Davon weiß Geßler nichts. Es ist ihm, wie er sagt, unverständlich, daß die Hetzer der radikalen Blätter (der Hetzer bin ich – und die Ordnung ist er) »in gehässiger Form an die Ungerechtigkeiten erinnern, die sie während der Dienstzeit und besonders im Kriege von ihren Vorgesetzten erfahren hatten«. Die Kindlichkeit, in einem geistigen Kampfe nichts andres zu sehen, als den Flunsch eines ehemaligen Soldaten, der einmal drei Tage Mittel bezogen hat, wird nur noch von der Unkenntnis eines Realpolitikers übertroffen, der, wie in dem Hauffschen Märchen, Abner, der Jude, nichts gesehen hat. Ich zum Beispiel bin als Schipper zu den Preußen gezogen worden, bin mit den Achselstücken wieder weggegangen und habe keine Strafe, sondern sogar einen richtigen Orden bekommen. Den Orden habe ich in den Papierkorb geworfen, und er ist vergessen. Nicht vergessen aber ist die geistige Haltung des deutschen Offizierkorps, das ich im Kriege sehr genau in allen Zuständen, sogar im nüchternen, kennengelernt habe. Der Kampf, der hier vor sich geht, ist der zwischen Uniformen und Menschen, zwischen Preußen und Geistigen, zwischen Chargen und Männern. Kein Zweifel, wo das sittliche Recht steht.

Wenn man den ganzen Tag über nichts als Dienstvorschriften liest, verdummt man. Beliebt den tapferen Kriegern Literatur? Wissen sie nichts von Appens (›Charleville‹) – von Lille und von Boelcke (nicht der Flieger, sondern ein andrer Hauptmann mit sehr verständigen Ansichten)[81] – von der großen Denkschrift des Deutschnationalen Handlungsgehilfenverbandes aus dem Jahre 1916 (›Ursachen des Zusammenbruchs‹ von Walter Lambach) – von Professor Kantorowicz – von all den zahllosen Quellen – von Professor Nicolai und seinem Buch ›Die Biologie des Krieges‹ – von den vielen Wissenschaftlern, den Philosophen, den Kritikern, die ohne Parteistellung Krieg und Kriegführung und Kriegsdenkart verflucht haben –? Nein. Sie wissen nichts. Sie lesen nur das, was sie und ihr Tun bestätigt. Alle ihre Gegner sind Juden, Bolschewisten, bestochene Spione und irgendsonne Zivilisten . . . Prost –!

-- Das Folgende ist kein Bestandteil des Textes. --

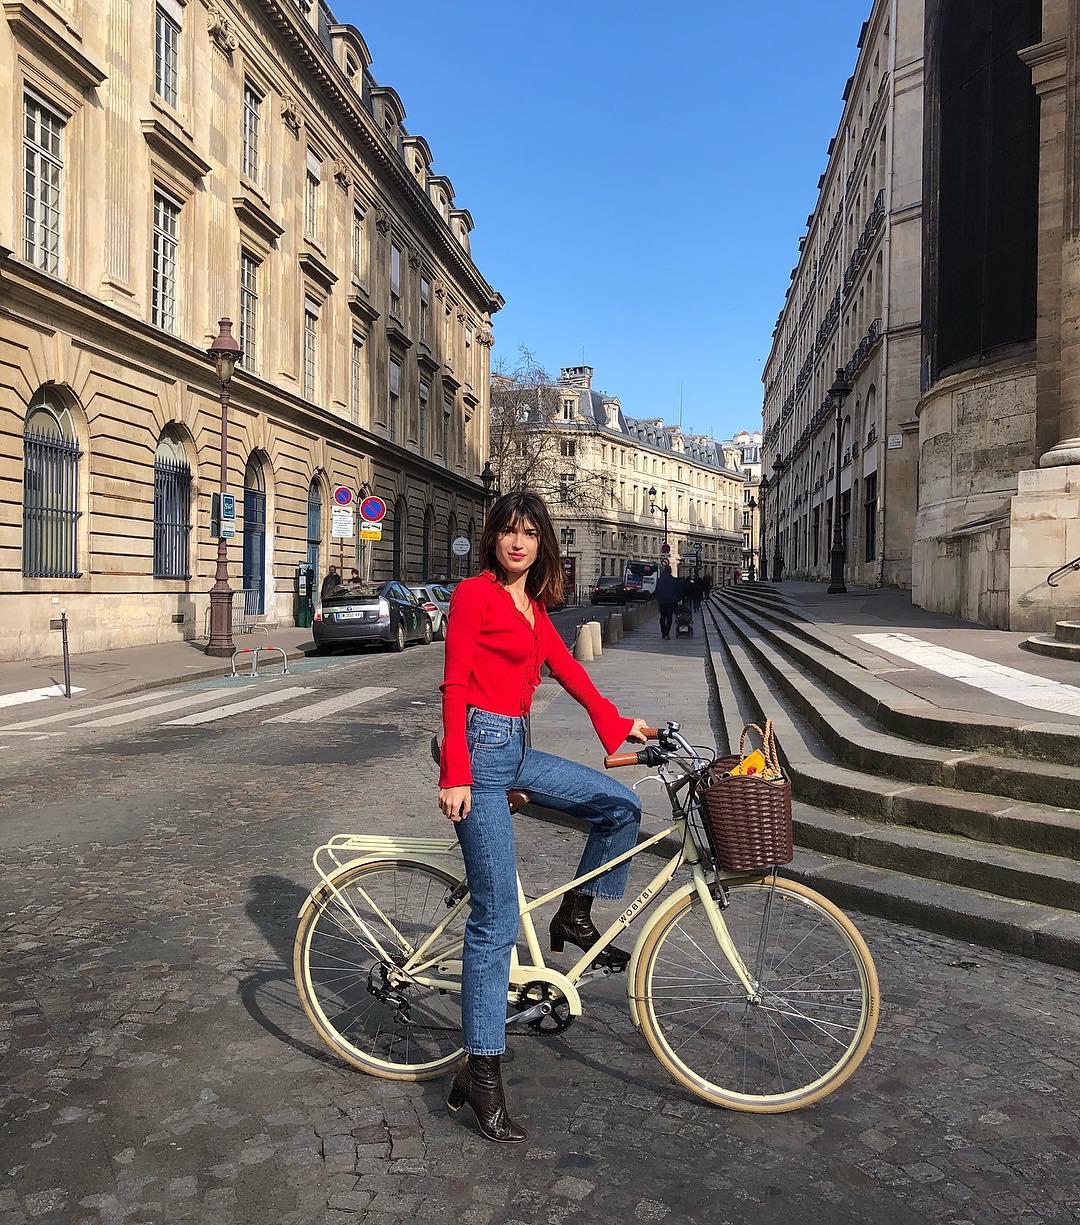 Hội IT Girl nước Pháp có đến 9 bí kíp diện đồ để không bao giờ mặc xấu, chỉ thanh lịch và sang chảnh trở lên - Ảnh 6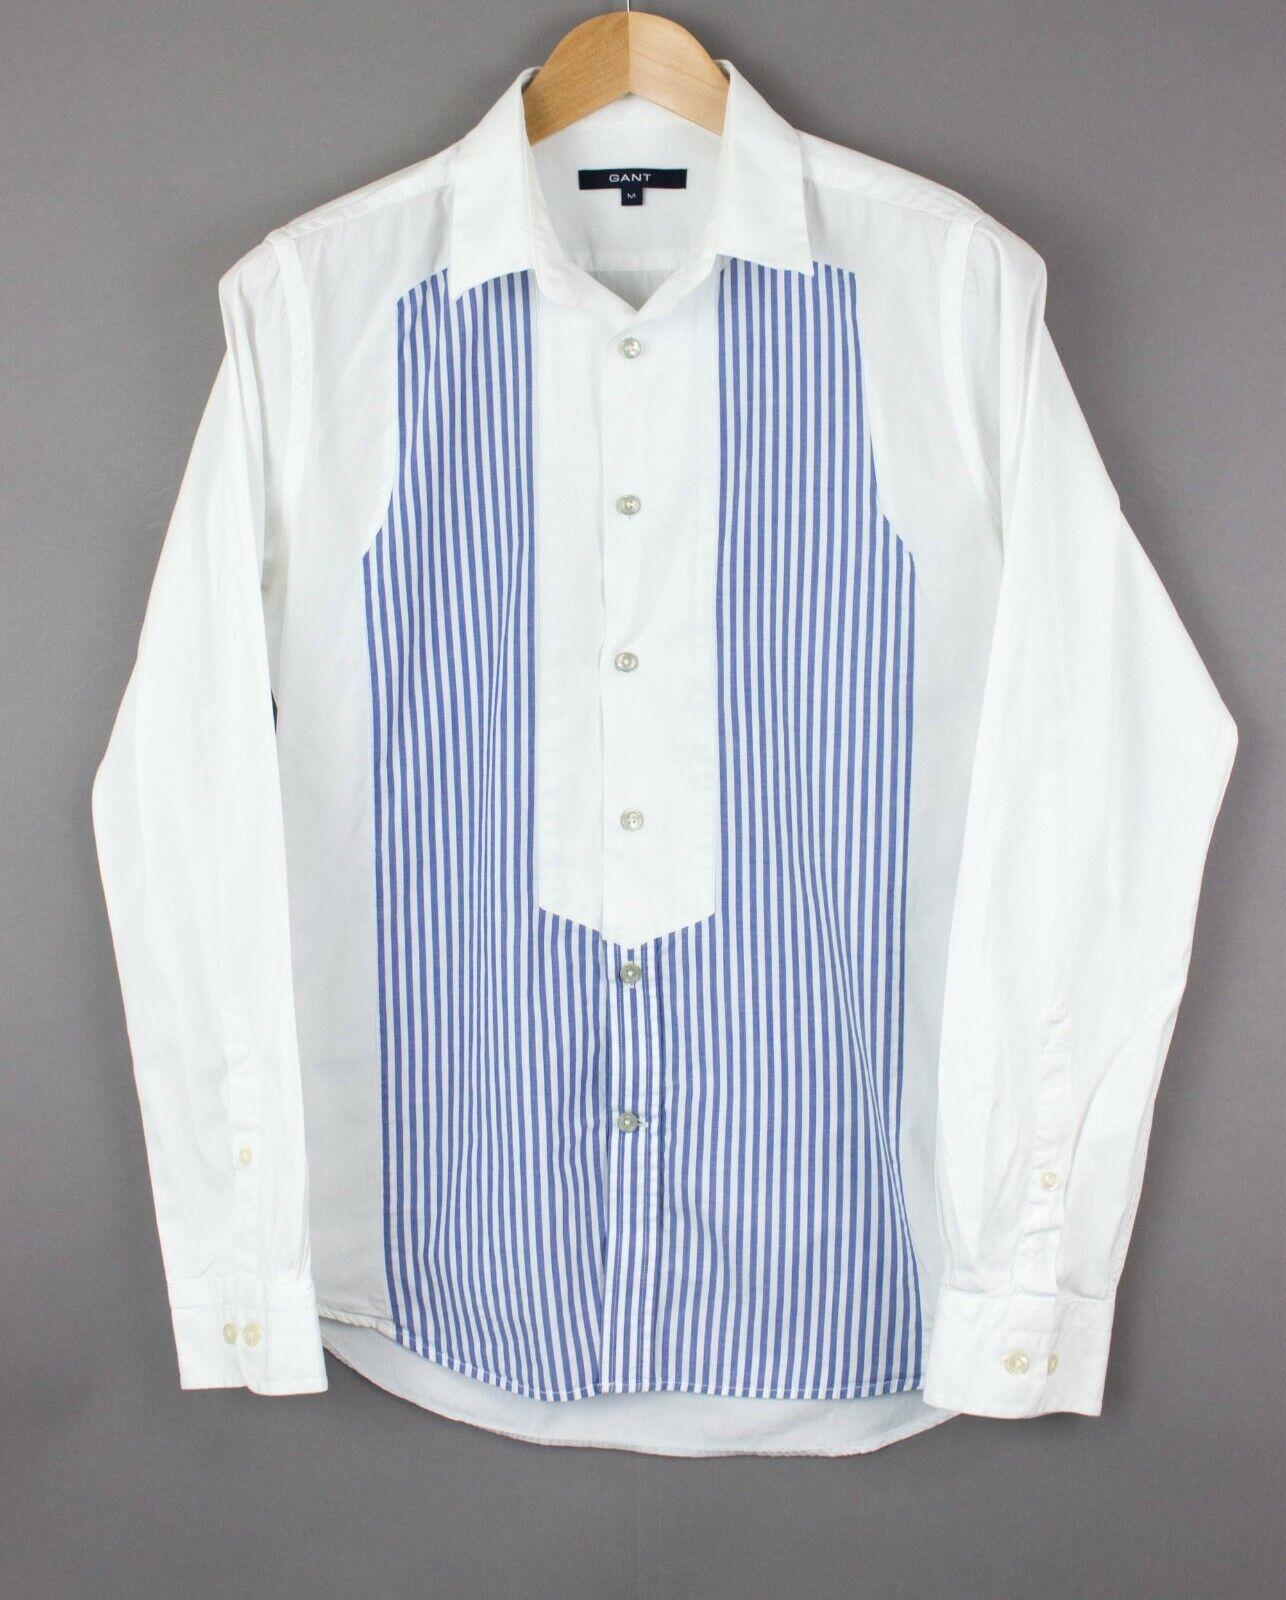 Casual Righe E Uomo Maniche A Da Lunghe Camicia Formale Gant 8POXnwN0k

Wenn aber schon der Reichswehrminister das, was er verwaltet, dem innern Wesen nach nicht kennt – (ein sozialdemokratischer Schulrat Berlins sollte einmal seiner Materie so dumpf gegenüberstehen) – dann muß er, zweitens, wenigstens ein kluger Taktiker sein. Er hats gewiß nicht leicht. Der größte Teil der Reichswehroffiziere, besonders die zahlreichen Generalstäbler, stehen, wie man das nennt, auf dem Boden der gegebenen Tatsachen und haben auch der Republik, nach einigem Drängen der Öffentlichkeit, einen Eid geleistet . . . Ja. Die Gesinnung geht keinem aus den Knochen. Ich halte sogar die Männer für die wertvolleren Elemente, die zur neuen Zeit ihr klares ›Nein!‹ sagen und dann die Konsequenzen ziehen. Aber da gibt es Pensionsfragen – und vor allem Machtfragen, Wer die Reichswehr wirklich in Händen hat, der hat einen Teil der Staatsgewalt. Die fast höfisch geleckten Offiziere aus der Umgebung Geßlers lassen sich sicherlich nicht von einfachen persönlichen Vorteilen leiten. Daß sie unpolitisch sind, werden sie selber nicht glauben.

Alles, was hier über die Reichswehr gesagt wird, trifft in erster Reihe die Offiziere. Die Mannschaften kämpfen zum Teil einen sehr schweren Kampf gegen diese Gesinnung. Eine Unterstützung beim Reichswehrminister finden sie dabei nicht.

Die politische Niederlage, die sich Geßler in Moabit geholt hat, sei ihm von Herzen gegönnt. Der Strafantrag ist gestellt worden, weil die Militärpolitiker eine Lokalnotiz in dreihundert Generalanzeigern brauchten: »Wieder ein Verleumder des Offizierkorps verurteilt!« – Das hebt immer. Aber es ist eine traurige Firma, die solche Reklame nötig hat. Warum das Ministerium zu ihrer Inszenierung einen Urlaub Geßlers abgewartet hat, weiß kein Mensch – schließlich ist jener kein Faktor, mit dem gewandte Offiziere zu rechnen hätten . . .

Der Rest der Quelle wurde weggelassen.